Sheriff Miller’s spokesperson told The Appeal that the sheriff has hired three people to implement a medication treatment program at the Buncombe County Detention Facility. Since the jail began tracking people with substance use disorders last August, roughly 90 people each month who are admitted to the jail have an opioid use disorder.  

Sue also emphasized that the first two weeks of jail are an especially “dangerous adjustment period.” That time has been called theshock of confinement.”

Indeed, according to the Disability Rights North Carolina report, most of the suicides in 2017 and 2018 occurred within a few days of admission to the state’s jails: “In 2017 and 2018, 20 percent of all jail suicides occurred within one day of the person entering the jail, 65 percent occurred within a week of entry, and 80 percent within 12 days.” 

The report’s authors provided recommendations to prevent overdose deaths and suicides, such as improved intake screening, new policies regarding observational rounds, as well as uniform medical treatment. But the authors wrote that implementation of new safety procedures were delayed by 66 North Carolina sheriffs and the North Carolina Sheriffs’ Association, a significant lobbying force in state politics. To delay the implementation, each sheriff signed a personal letter stating that adoption of new jail procedures would “be subject to a delayed effective date.” 


Pollitt says the move by the sheriffs’ association means new rules and procedures could be delayed for over a year. “The current rules are 25 years old,” she said. “Our research and investigation showed these rules are not keeping people safe. And the new rules proposed by [Department of Health and Human Services] are minimal and ordinary rules that many states have adopted or are adopting.”  

“The sheriffs are a powerful association and they could move North Carolina forward and stand up and recognize that there are changes in the jails that need to happen, and they could make that happen,” Pollitt said. 

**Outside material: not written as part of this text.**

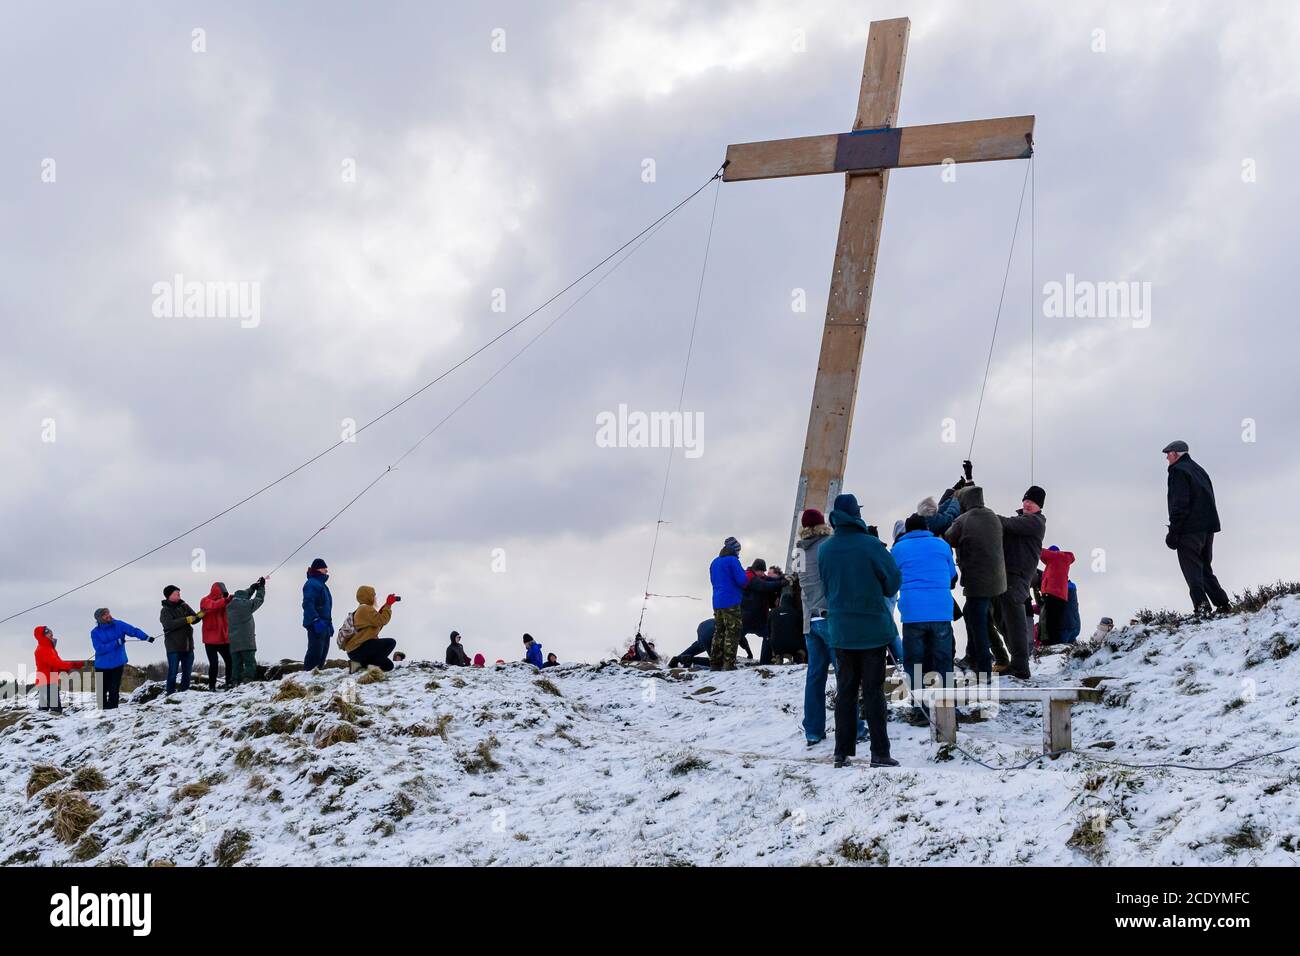 Menschen (Christen) verwenden Seile, um ein riesiges schweres hölzernes Osterkreuz (Faith Symbol) auf einem verschneiten Hügel zu heben - der Chevin, Otley, Yorkshire, Großbritannien. Stockfoto

Eddie Caldwell, executive vice president of the North Carolina Sheriffs’ Association, told the News & Observer that some of the recommendations were not “feasible.” 

The  association did not respond to requests for comment from The Appeal. 

“If we want to reduce jail suicides, we don’t just need more oversight of local jails,” Betram of the Prison Policy Initiative said. “We also need to demand that police departments and prosecutors send fewer people to jail in the first place.”